During the whole-class discussion, when Raquel explains her thought process, she presents a different strategy based on three composites: the central column, the L-shaped composite on the right, and another similar composite on the left, which she is unable to finish, as seen in Figure 3.
Raquel - I did this one first (showing the composite of 3 cubes on the right). Then this one (central column that connects to the first composite). And then I did that one in the same way as the other one (composite of 3 cubes on the left).
In this strategy, Raquel indicates three composites (referring to them as “this”) which she connects afterwards to assemble the shape according to the model (LS2.3).
Raquel does not complete the construction of the third composite, as may be seen in Figure 3, perhaps by doubting how to do it in a way that shows what she is seeing with her mind. She disassembles the entire construction and begins to construct again, using a different path, as shown in Figure 4.
Figure 4: Construction from the boundaries: strategy presented by Raquel in the whole-class discussion.
This time, Raquel constructs the boundaries of the shape, finishing by positioning the two cubes to form the ladder. She then decomposes the construction into the three aforementioned composites (“I did this one first, then this one, and then I did that one in the same way as the other one”) and uses them to finish the explanation (Figure 5). Her action of decomposing the construction into three composites and making this reference in her explanation suggests that Raquel is able to recognize these composites and had intended to use them in the first part of the strategy, although she had not managed to do so.
The pupil concludes her explanation when she shows the three separate composites she had intended to show at the beginning, stating:
Raquel - Then I did the other one in the same way (decomposing the shape into three composites and showing them to the class).
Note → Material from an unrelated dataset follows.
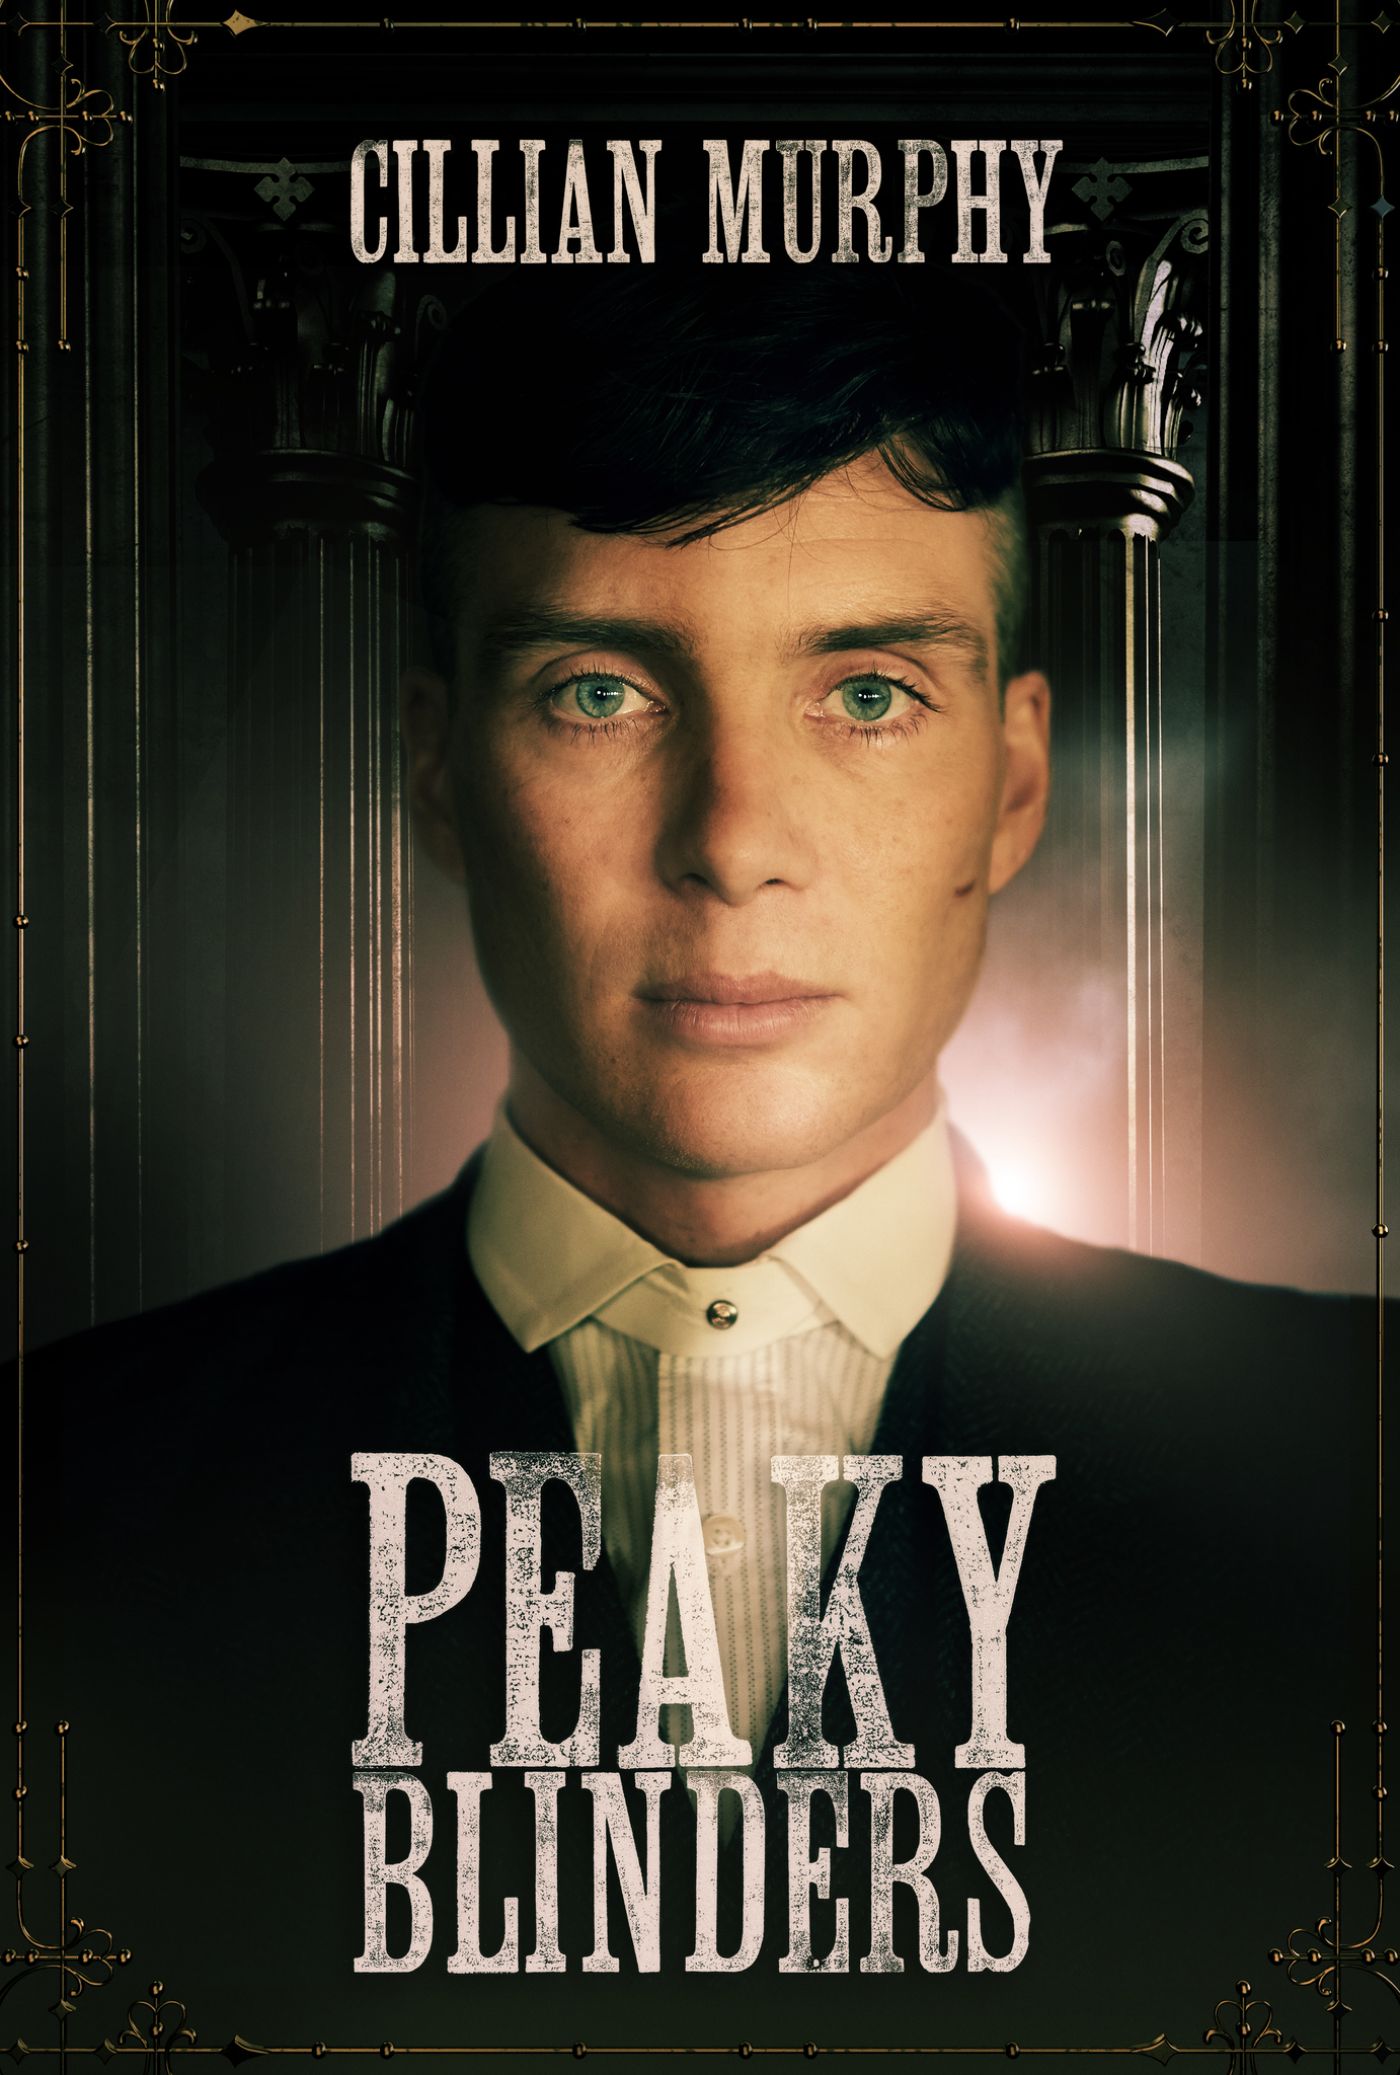 Peaky Blinders Season Web Series 2016 Release Date Review Cast Trailer Watch Online At

Raquel’s statement also appears to suggest the recognition of symmetry between the two parts of the construction, since she considers both composites equal, although they are in an inverted position (GS4).
Although Raquel did not appear to have anticipated these composites and the relationship between them at the beginning of the task, throughout its exploration, her actions and discourse suggest that she is becoming aware of the structuring of the construction in three composites as she begins her intervention in the discussion with an explicit reference to these composites. The manipulation of the cubes and the relationships she began to establish during this manipulation, namely the symmetry between the two parts of the construction, may have contributed to Raquel’s creation of a more consistent form of mental organization for that construction. Throughout her presentation, Raquel appears to always bear in mind the form of organization she presents, that is visible in Figure 5.
Thus, Raquel seemingly begins to explore the task with local structuring, by relating the components (LS2.1). However, the relationships she establishes from the sensory experience of manipulation of the cubes lead her to progress to a level that points to the establishment of relationships between composites (recognizing the congruence between two of them) and between composites and the whole (GS4).
Construction with rotation of a composite
Figure 6 highlights the strategy adopted by Dalila, based on a back-view observation of the model. This pupil begins by forming a column corresponding to the central part of the shape, then constructing each side, in a symmetrical linear arrangement. This approach to construction appears to suggest that the pupil does not immediately recognize a way to coordinate the cubes to form the right angle and, perhaps for this reason, she chooses to organize the construction in a straight line (LS3), by observing the construction from behind, at the suggestion of her peer next to her.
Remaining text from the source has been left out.